I have two hives in Rabun County at my friends' farm.  Those hives were installed on April 26 and May 3 - again unlikely to get much honey with this late start, but the flora in the mountains is about three weeks behind Atlanta, so if the bears leave us alone, maybe we'll get something from these hives.

I was in the area this past weekend and stopped to add needed boxes to each hive.  The moving straps are to make us think we are keeping the bears at bay!  I think a determined bear might argue with both us and the bees.










In his backyard, Jeff has two hives that we got from Buster's Bees when I ordered them in December, thinking my hives would not make it through the winter.  We installed them on April 11.  He is mostly managing those but he and I keep bees together.  They now have new boxes on them - maybe two - I'm not certain.















The other two hives from Buster are at the Morningside community garden and are rocking along.  I gave each of them a new box yesterday.  They were installed on April 26 and now each is composed of three boxes.
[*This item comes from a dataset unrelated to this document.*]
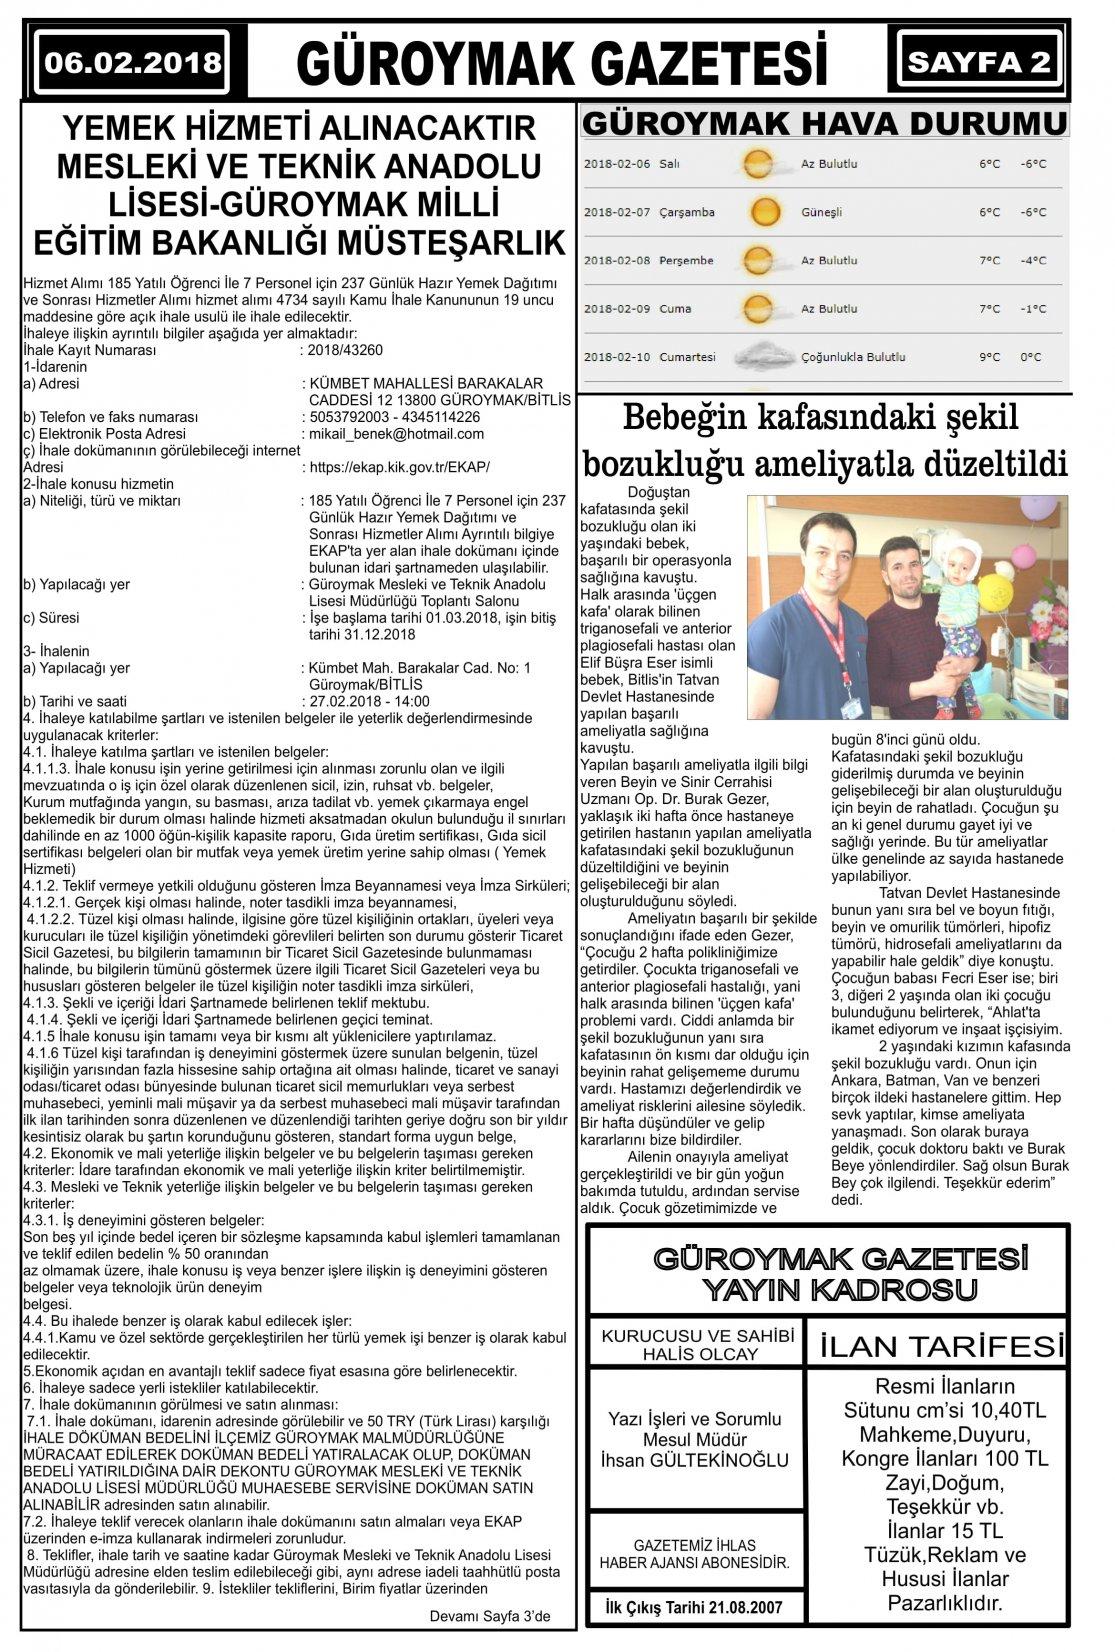 Güroymak Gazetesi 2.jpg Sayılı Gazete Küpürü

So I have 11 hives in other places.


In my own backyard, I have one hive that overwintered, the hive from Sebastian's yard that we moved at the end of March, the two swarm hives from Tom's house, a swarm I caught in my neighborhood just down the street from my house, a split in a three box nuc that I made from one of Tom's hives as a swarm prevention measure (didn't work, obviously), and a small hive of failure-to-thrive bees that I got from a beekeeper who thought they had swarmed.  

It was a tiny swarm and is not doing well.  I got them on April 1 and they are still on just three frames in a nuc.  I don't want to combine them with another hive because they are from a beekeeper who treats his bees and I don't know what their problem is but they don't seem to be doing anything.  I think they were actually absconding to get away from the treatment.  I'm just going to leave them alone and they may die, but I'm not going to take any action.

So not counting the two nucs (Failure to Thrive and the Tom Split), I have five decent hives in my backyard.  If I eventually move the Tom Split into a full box, I'll count it but not for now.  So sixteen altogether.  Some will have honey for me this year.  Others will just build up hopefully to go through the winter.